Mathilda is an AI Agent-generated computer algebra system (CAS) heavily inspired by the core architecture and evaluation semantics of Mathematica (the Wolfram Language). Written entirely in C99, it implements a recursive expression model, structural pattern matching with backtracking, rewriting rules, and an extensive library of built-in mathematical functions.
Today Mathilda spans roughly 159,000 lines of C99 across 176 source modules, exposing ~365 built-in functions organized into 19 functional categories — from arbitrary-precision arithmetic and symbolic calculus to polynomial factorization, dense linear algebra, and integer factorization.
Evaluation engine
- Infinite evaluation semantics: expressions are repeatedly evaluated top-down until a fixed point is reached.

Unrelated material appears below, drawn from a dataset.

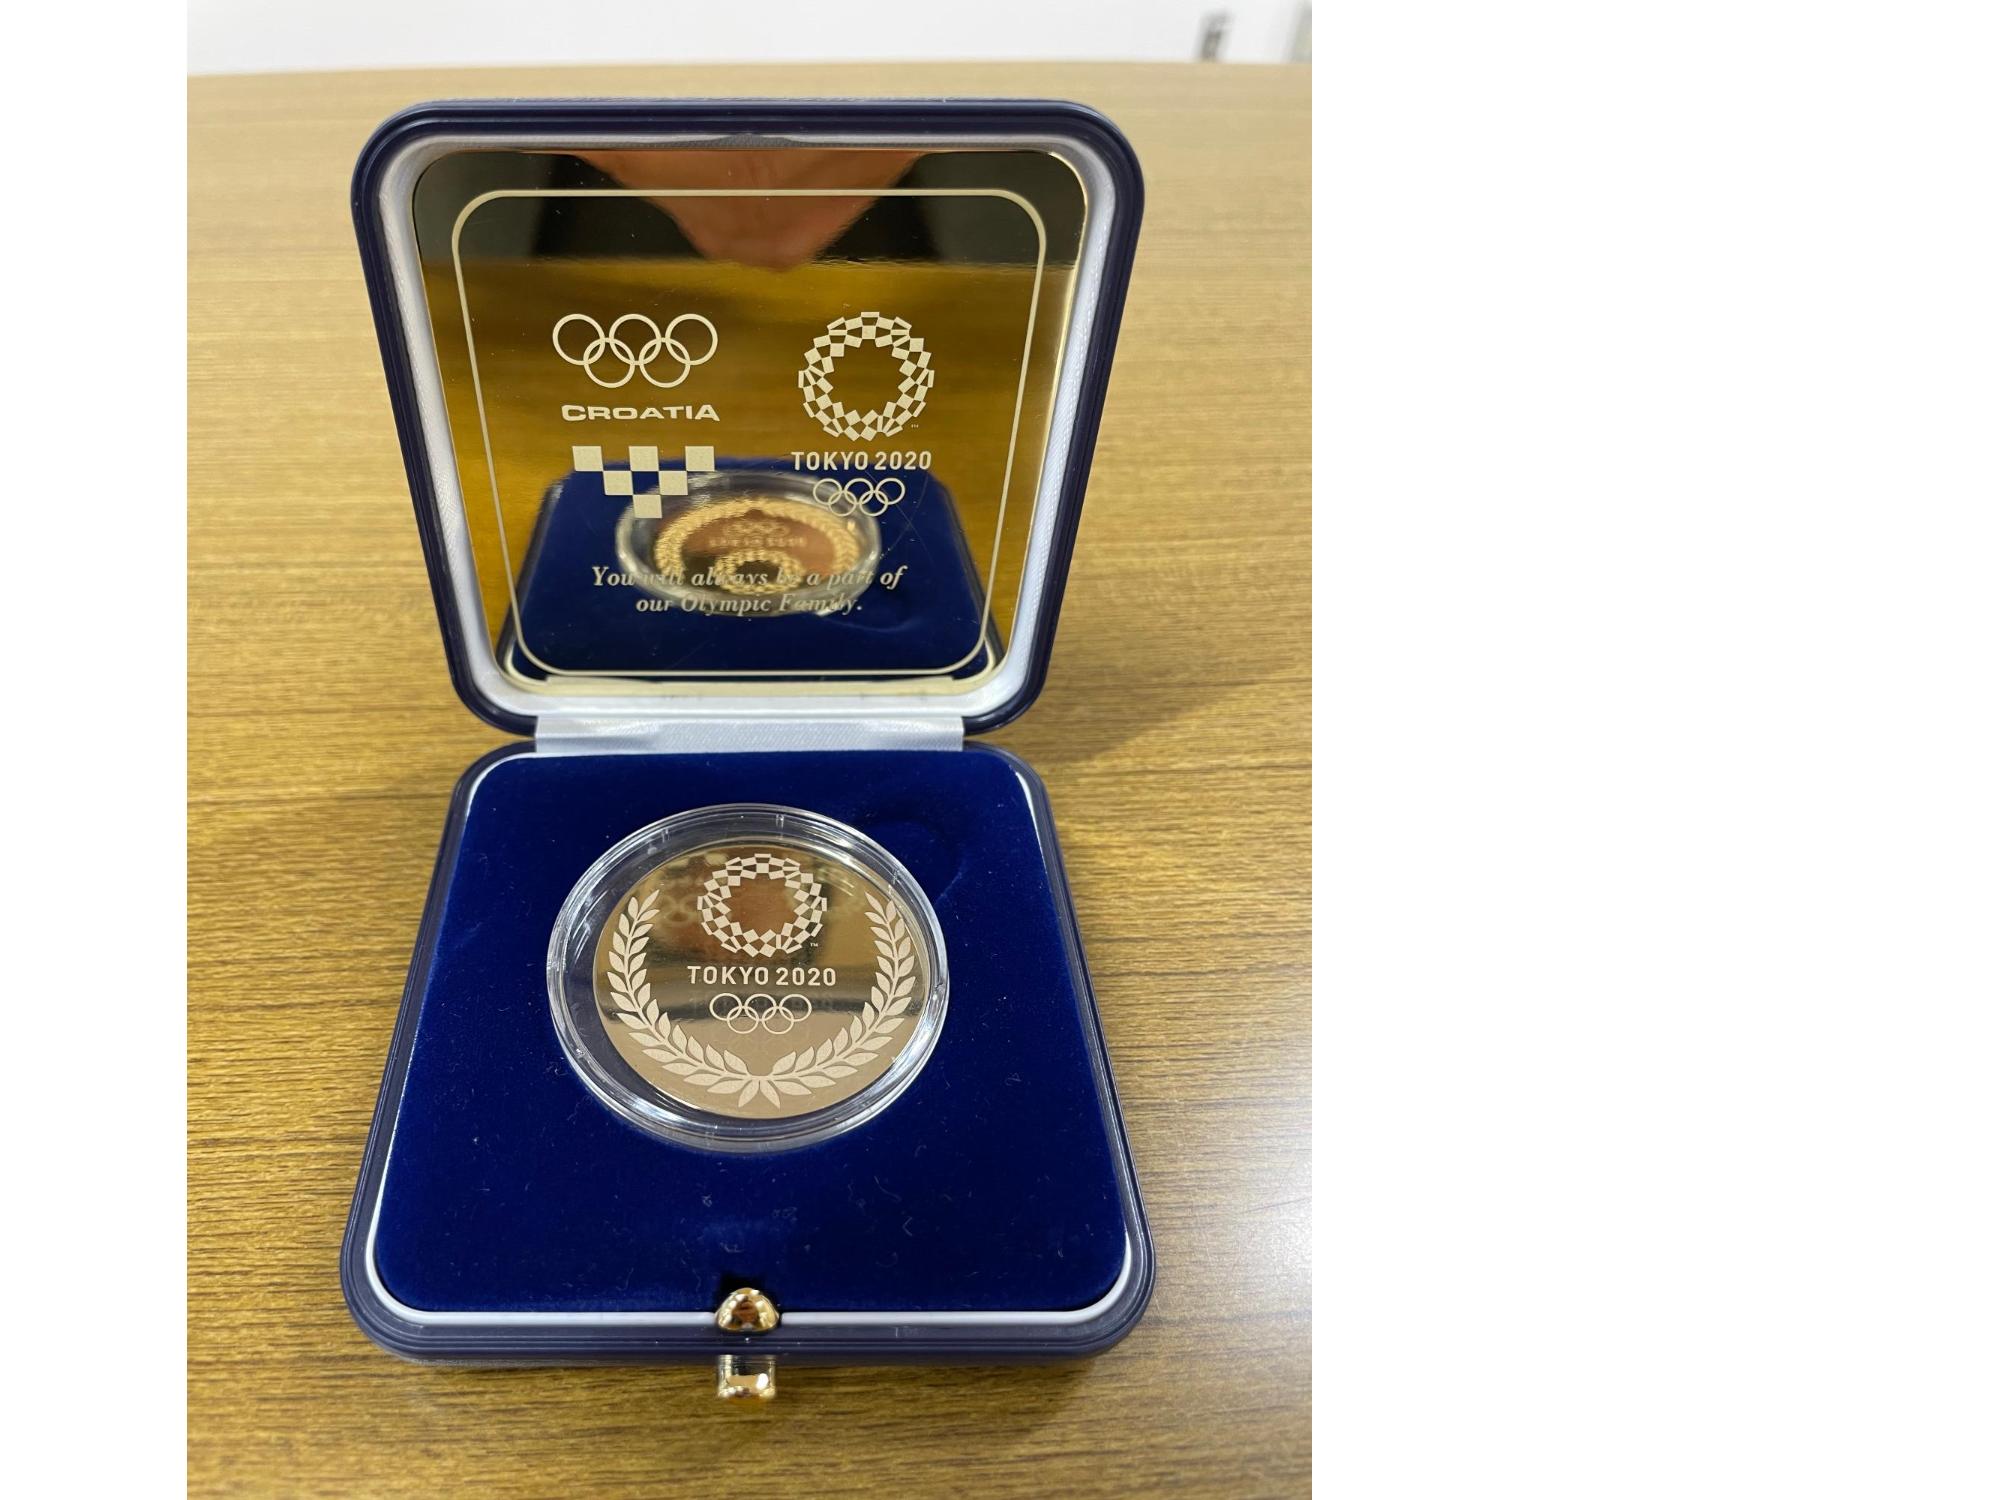 クロアチア共和国オリンピック委員会からのメダル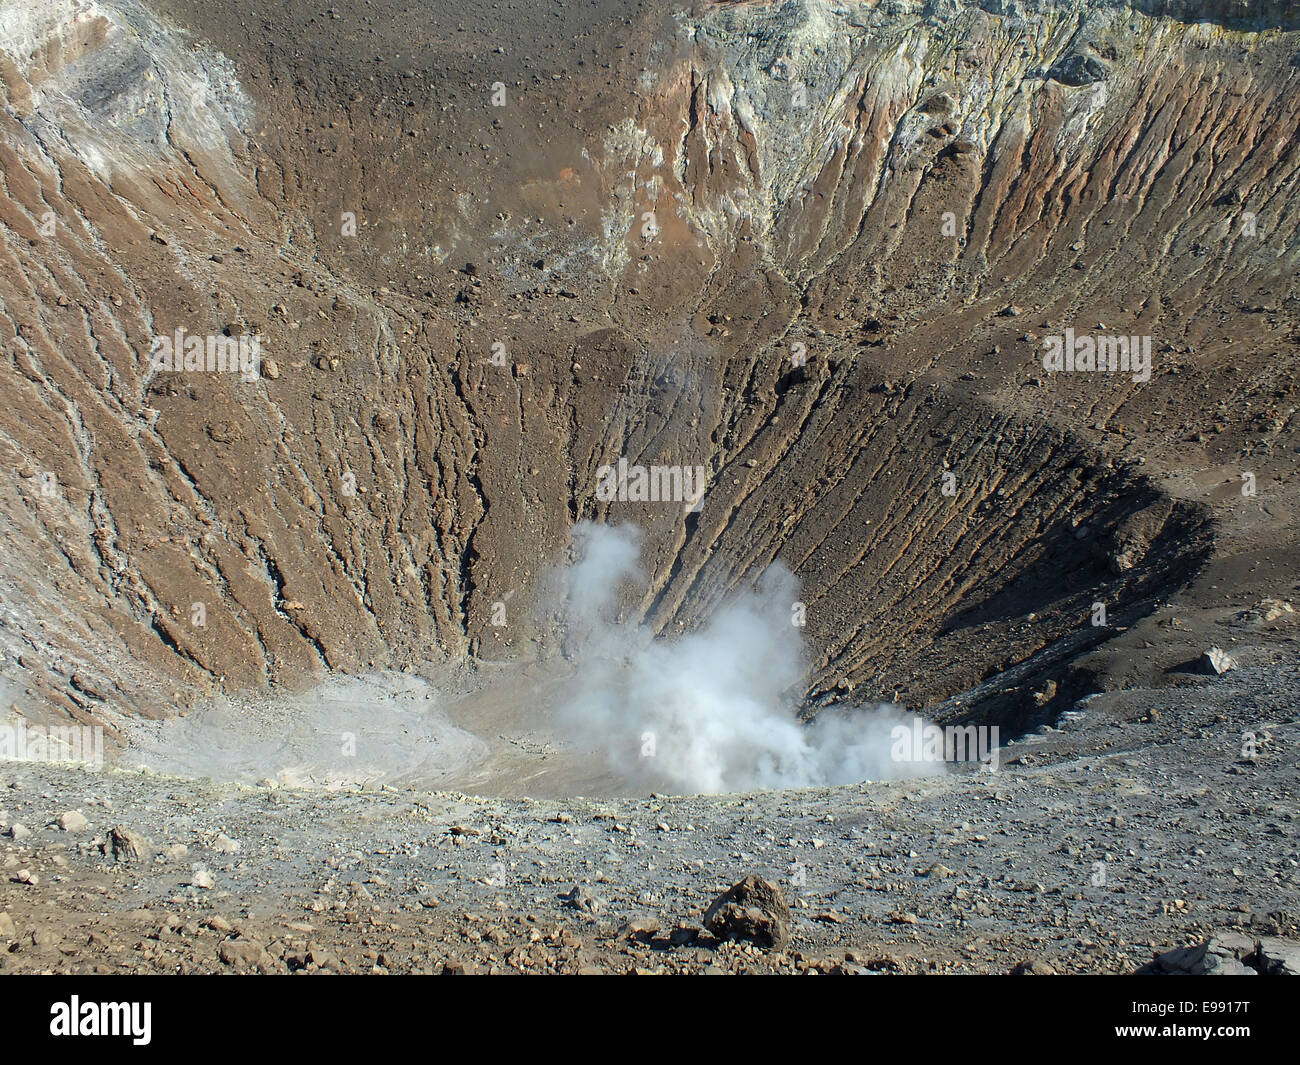 Der Kraterboden des Gran Krater auf der Insel Vulcano ist oft durch den aufsteigenden Dampf bedeckt. Giftige Gase können den Aufenthalt in den Krater gefährlich machen. -Juni 2014 Stockfoto

- Attribute-driven evaluator: a small generic core consults per-symbol bitflags (
HoldFirst/HoldAll,Flat,Orderless,Listable,OneIdentity,Protected, …) to decide how to process each call.
Pattern matching & rules
- First-class pattern matching:
Blank(_),BlankSequence(__),BlankNullSequence(___), named bindings (x_,x_h),Condition(/;),PatternTest(?),Optional, andRepeated— with full sequence backtracking. - Rule engine: transformation rules (
->,:>) and replacement operators (/.,//.,Replace).
Numbers
- Arbitrary-precision integers via the GNU Multiple Precision Arithmetic Library (GMP), with automatic promotion/demotion from machine integers.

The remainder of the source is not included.